_WHAT TO WORK ON_
Reproduce the whole listing word for word. Leave every image out.

_RECORDED INFORMATION_
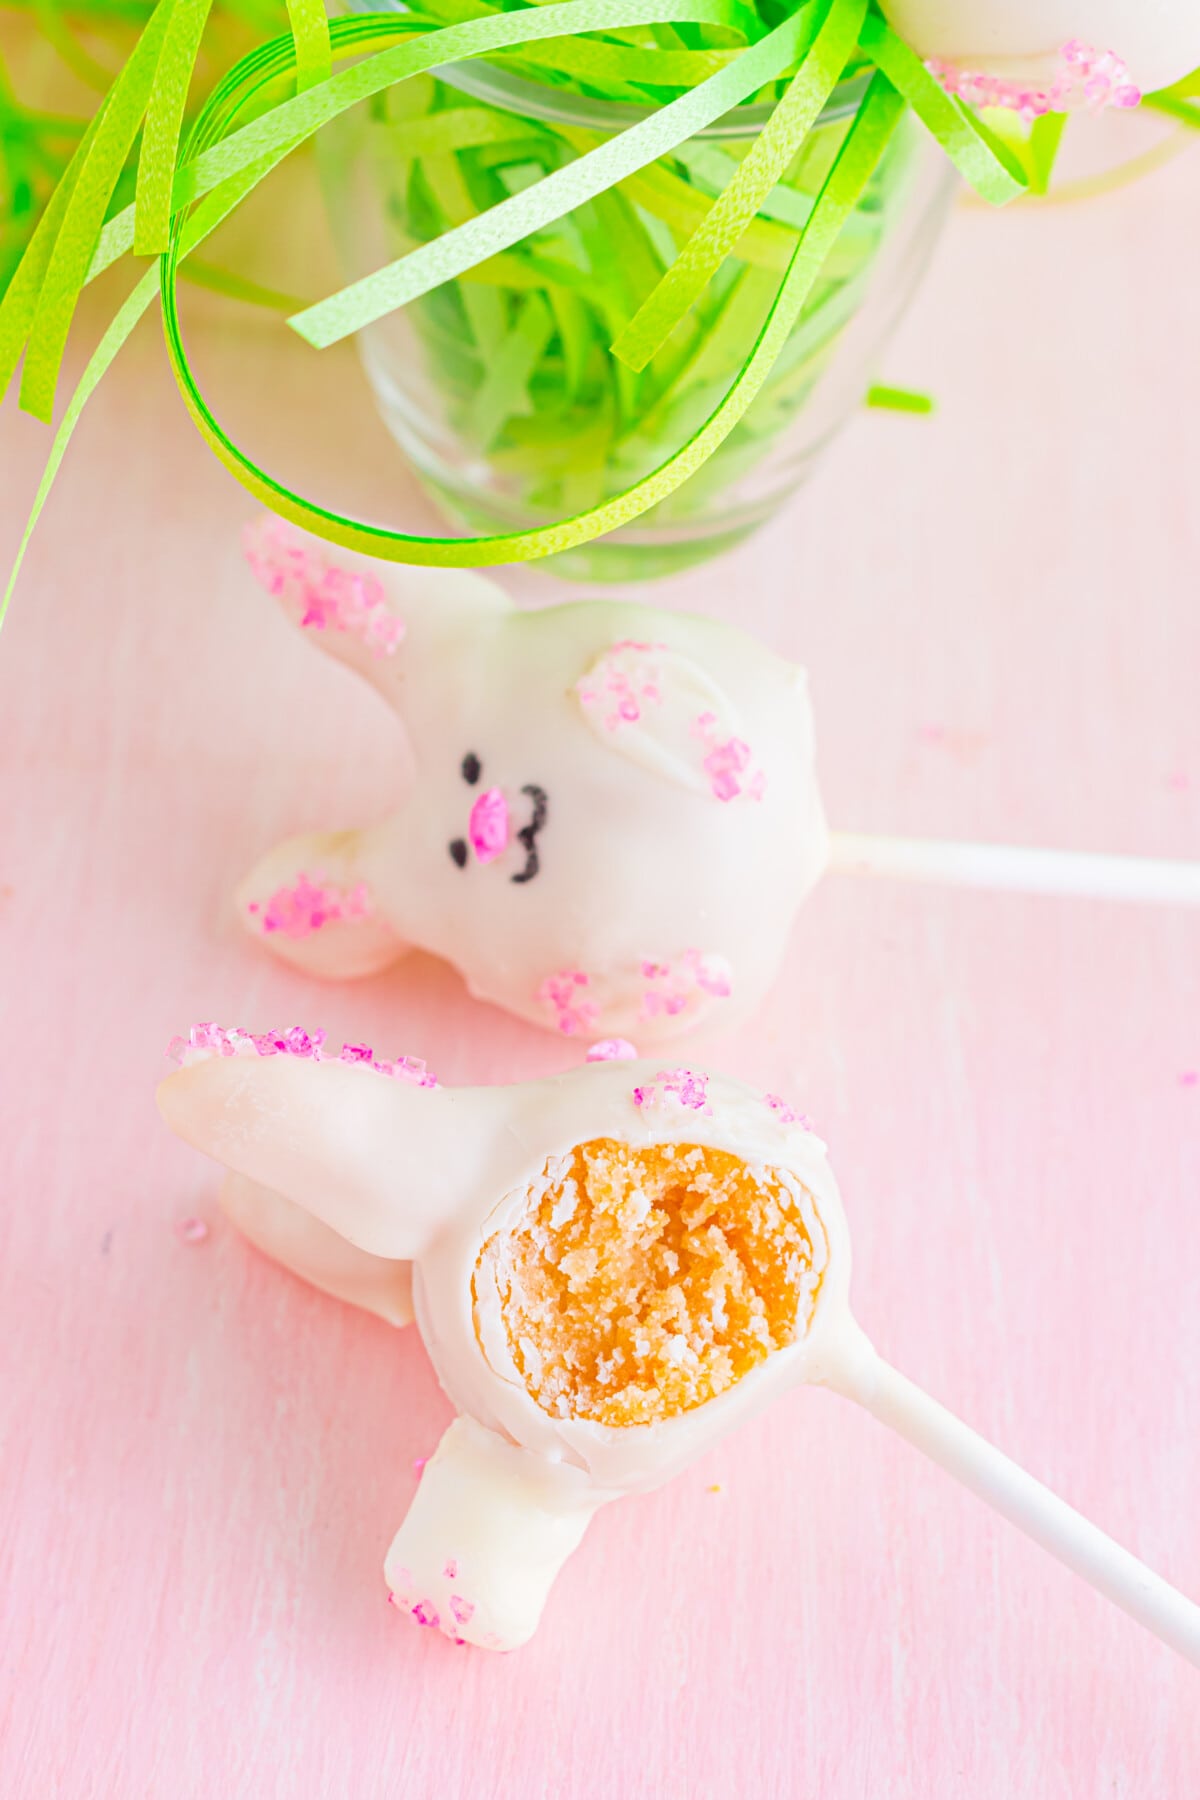 Easter Cake Pops cut in half to reveal the inside.
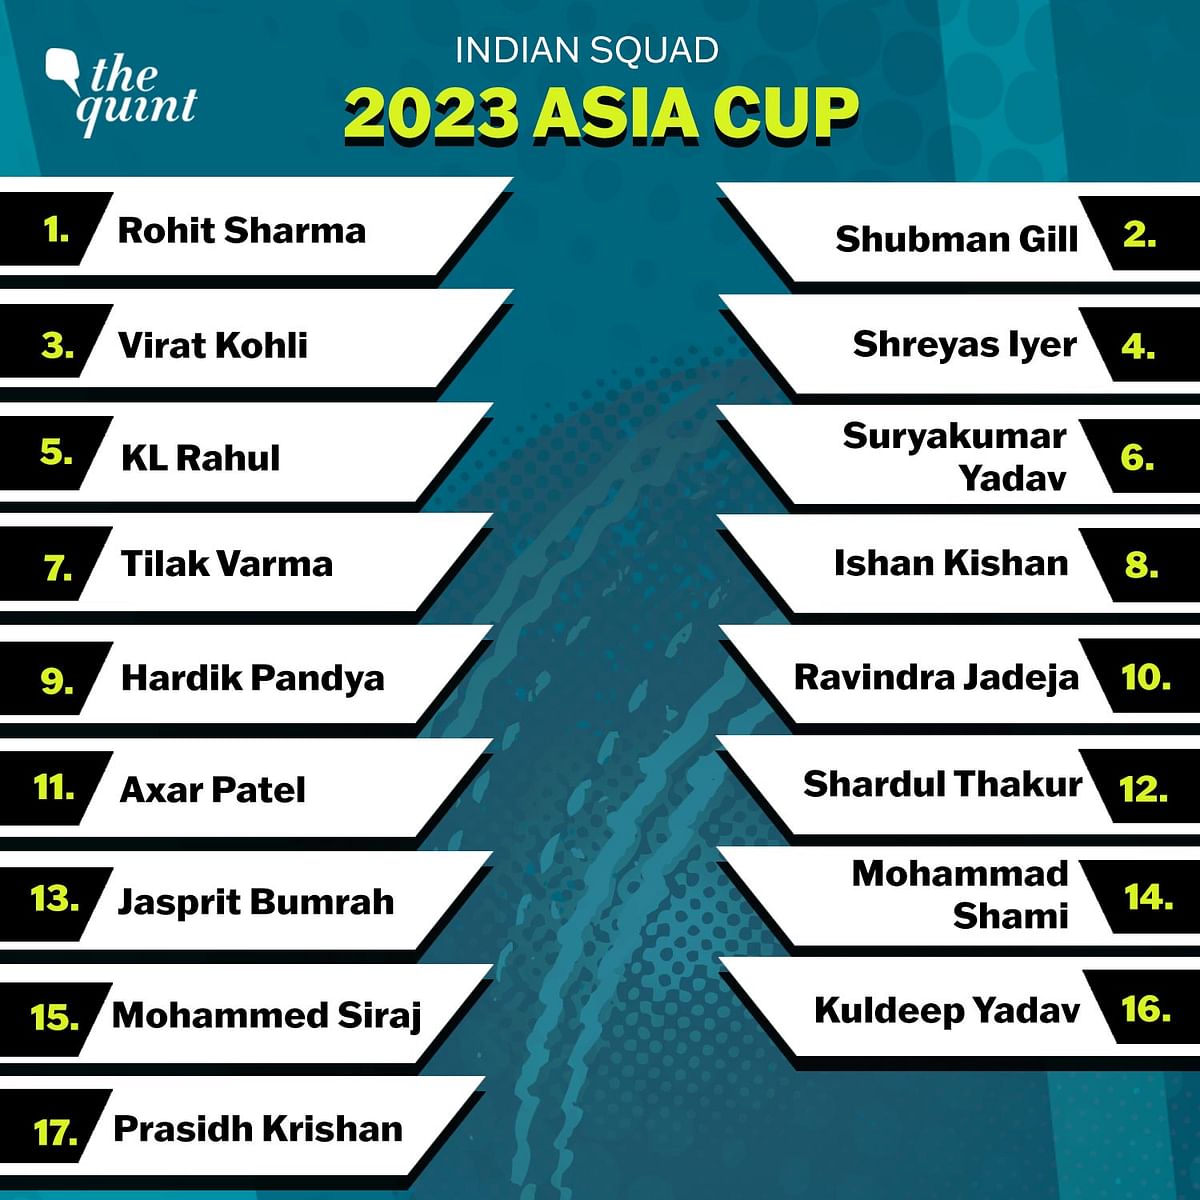 The BCCI has announced the 17 member squad for the 2023 Asia Cup.
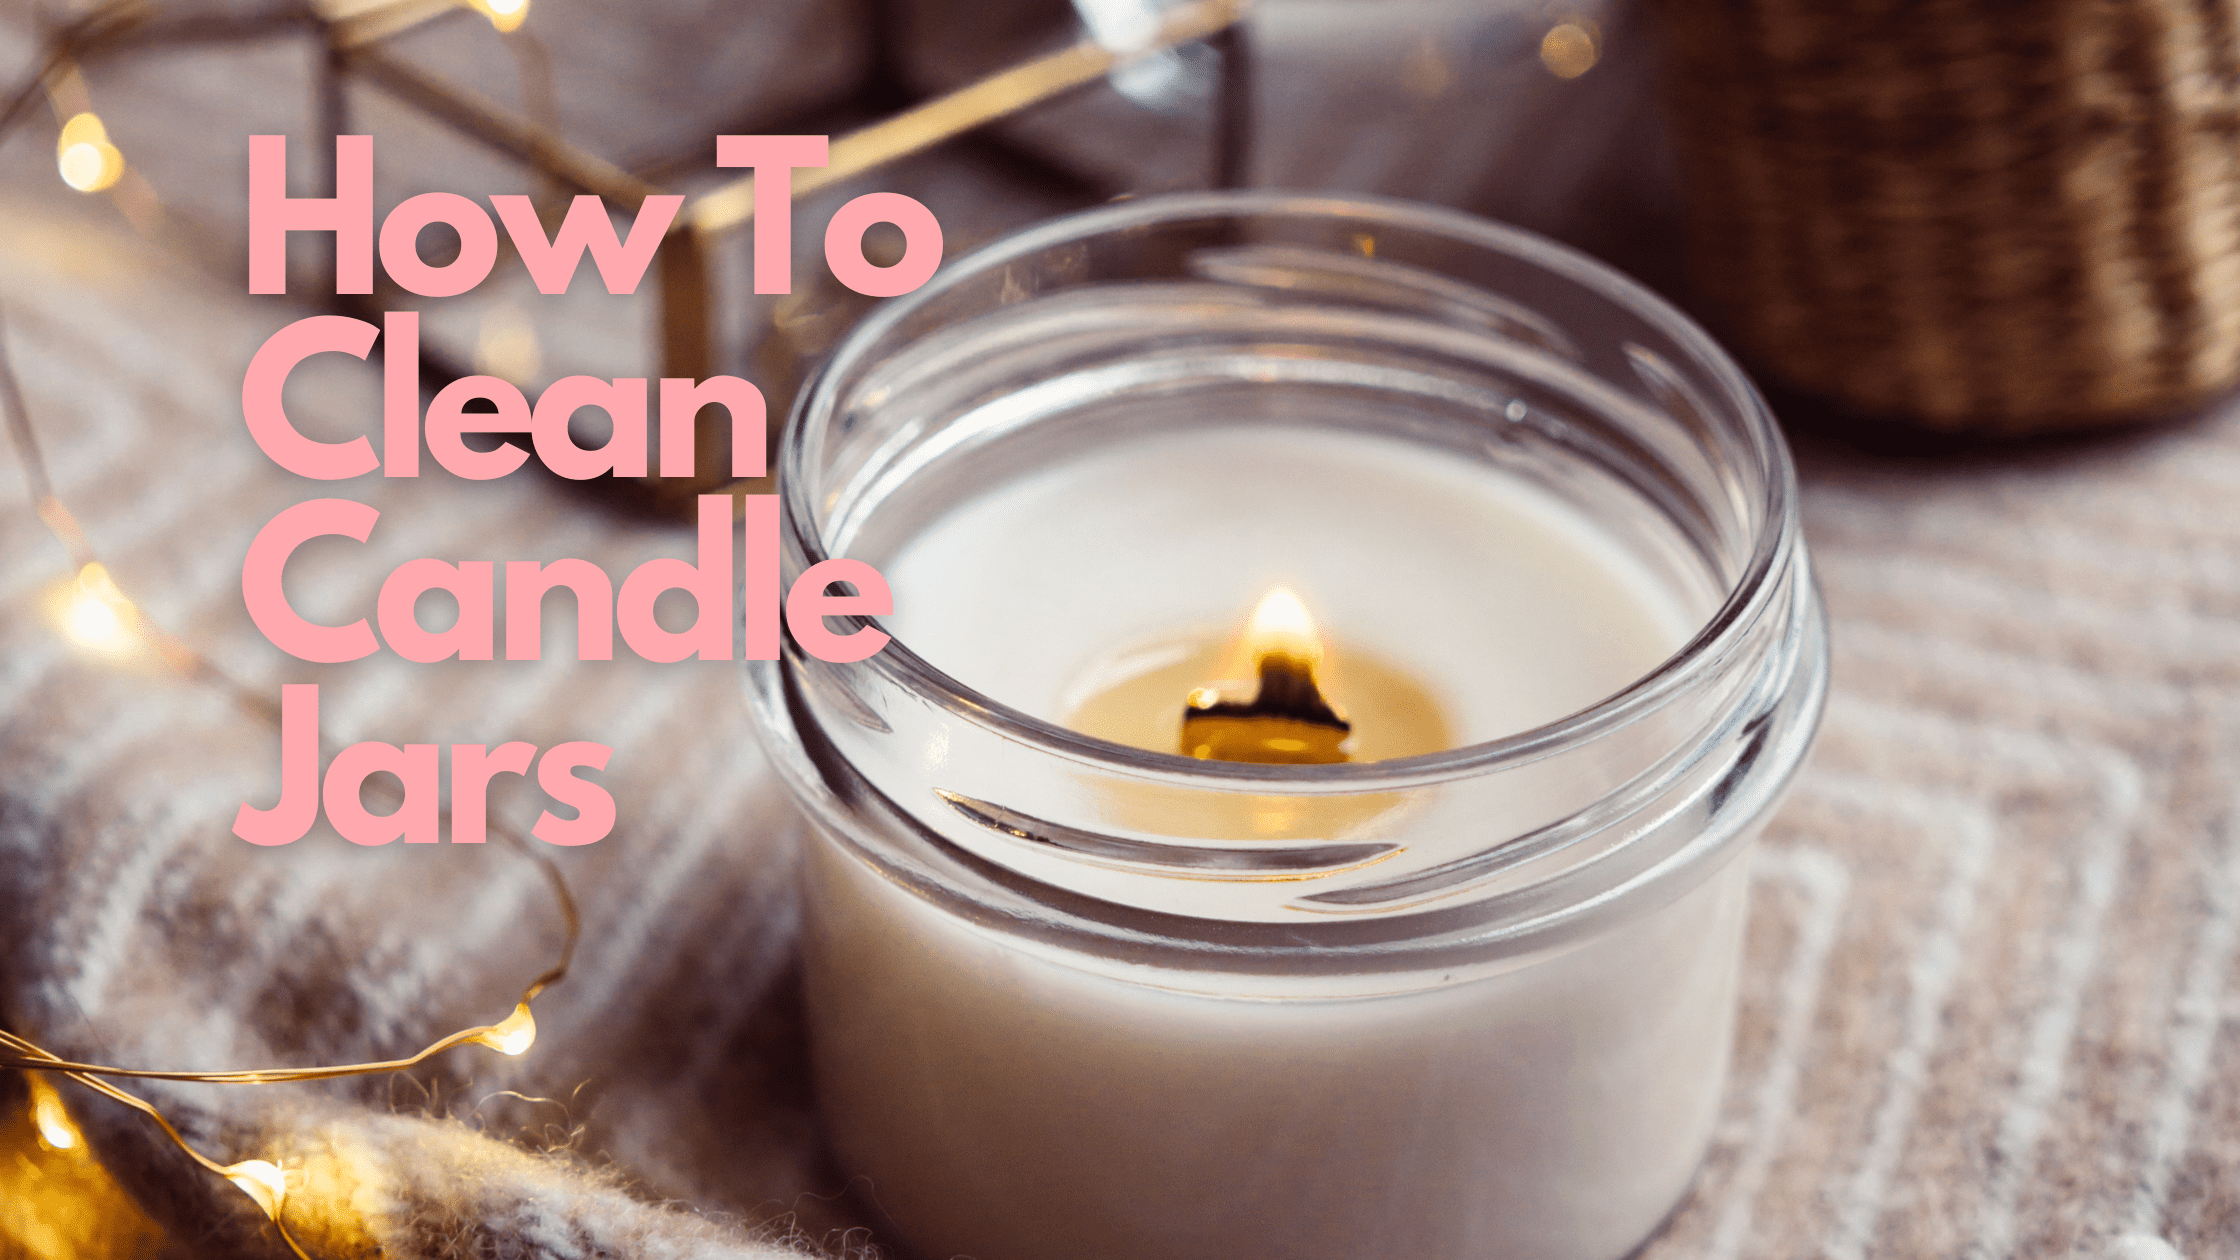 How to Get Wax Out of a Candle Jar 4 Ways (That Actually Work)
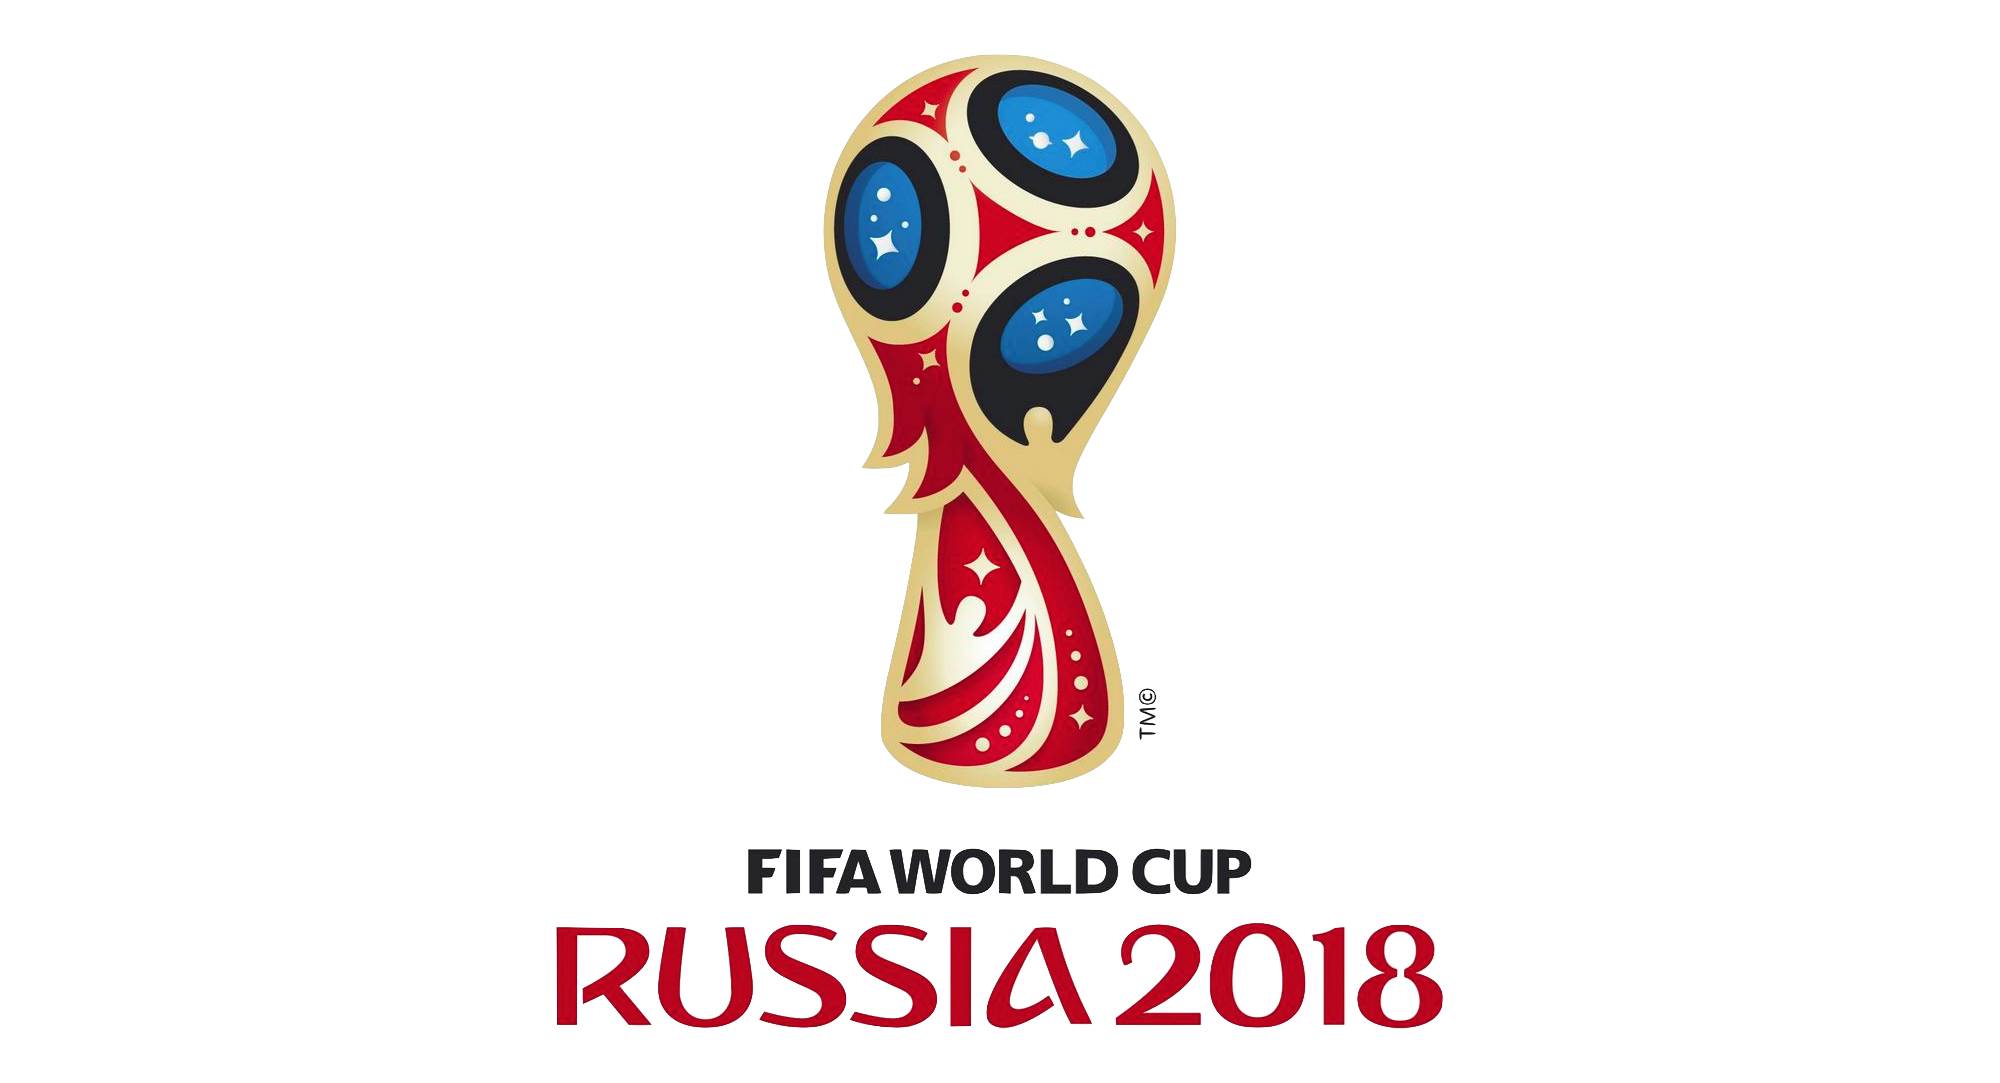 Scammers using FIFA World Cup as a lure

_YOUR SOLUTION_
 Easter Cake Pops cut in half to reveal the inside.
 The BCCI has announced the 17 member squad for the 2023 Asia Cup.
 How to Get Wax Out of a Candle Jar 4 Ways (That Actually Work)
 Scammers using FIFA World Cup as a lure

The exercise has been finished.